Have you tried getting up and turning your back toward him? Have you tried leaving the room? If so the next step, imo, would be the timeout method. Find a designated timeout area and leave him there for a minute. 

He needs to know that biting brings all play to a stop. It may take awhile but he'll get it. Forgot to ask, have you tried yelping?


----------



## IrishDaisy (Aug 9, 2012)

Hi guys,

I'm having a similar problem with Daisy at the moment. The minute I come into the kitchen in the morning and leave her out of her crate she latches onto my pijamas pants and when I tell her to stop her barks at me and snarls so i can see all her teeth. I've tried the yelping thing, it worked for a while but now she ignore it. I'm terrified what would happen if she does this to a child.


----------



## jaxdepo (Jun 21, 2012)

I recently looked up the Eruption (exfoliation) stages of a dogs teeth. 
I found this helpful. It helps us to deal with them if we can get to undertand them better.
You will see on the charts the stages when teeth are falling out and when knew ones are coming in and then you are able to look in the mouth and say hey I get it. 
My husband often will hold Jax's teething bone while he chews and he will hold it on the spot where you can tell he is feeling it the most. Jax loves this. 
The most important thing is to keep many types of teething toys around. Cold ones, dry ones, whatever you can. 
it will pass I'm sure. We are in the middle of it too and all you can do is keep trying and trying. 
I'm not sure how it will work for you and if others will agree but Jax doesn't bite me anymore and I use to have him on my lap and hold his teething rings while he chewed and like Isaid my husband holds the bones. Not always but sometimes and jax isn't about biting us anymore. The only time he is would be when he has to poop.
Worth a shot anyways.....


----------



## jaxdepo (Jun 21, 2012)

dezymond said:


> Have you tried getting up and turning your back toward him?

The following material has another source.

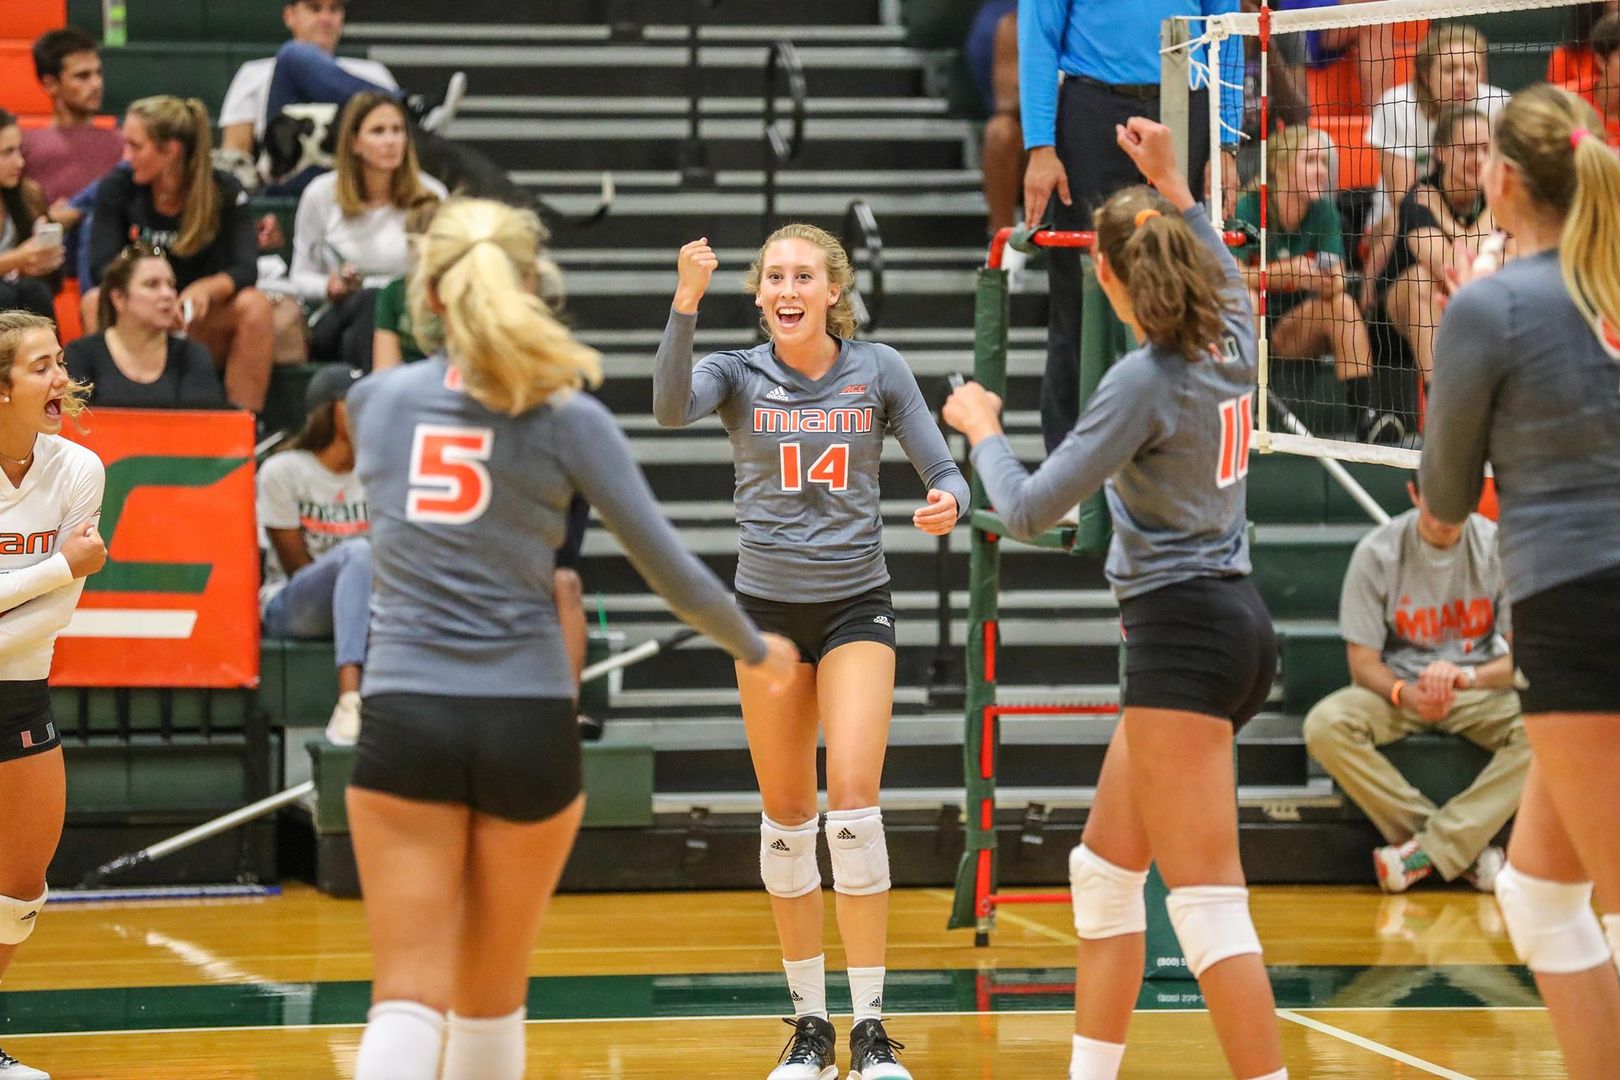 Canes Down Virginia Tech 3-1 at Home in ACC Opener
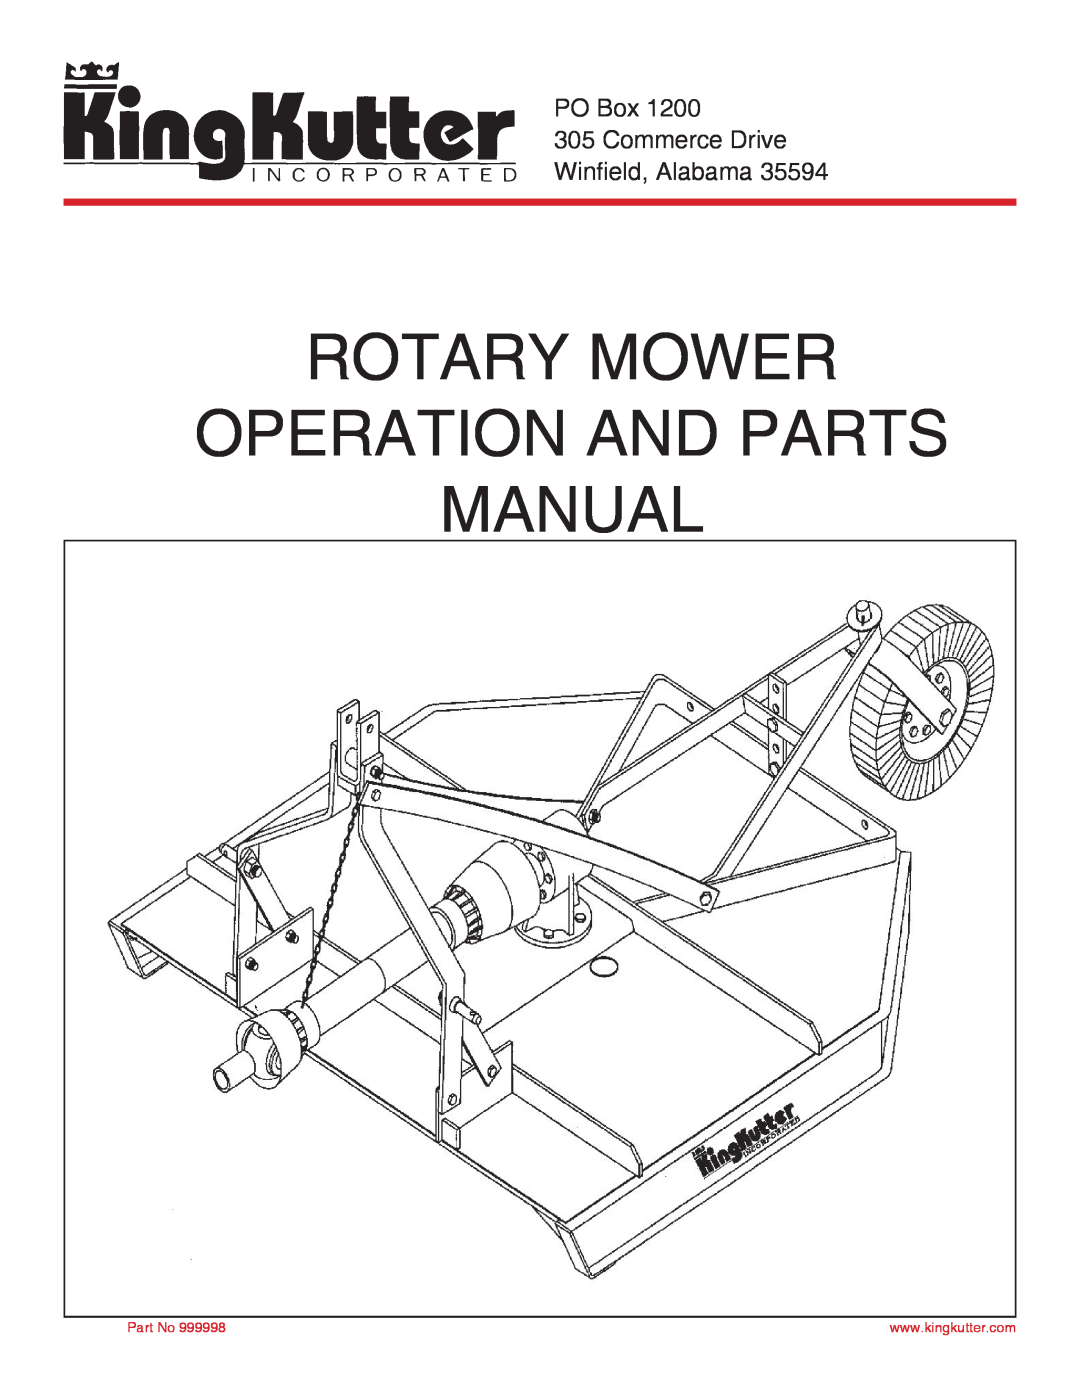 King Kutter manual Rotary Mower Operation And Parts Manual, PO Box 305 Commerce Drive Winfield, Alabama

Have you tried leaving the room? If so the next step, imo, would be the timeout method. Find a designated timeout area and leave him there for a minute.
> 
> I really agree with this method too! We have done the leave the room thing and oh boy does his attitude change!! He HATES being away from us so this is a punishment in itself for them! As much as we do not like it, we have used the crate 2 times as punishment. Once with biting and once with barking.
> He doesn't associate the crate whatsoever as a bad place but it has shown as a time out spot for him to chill out for a minute.


----------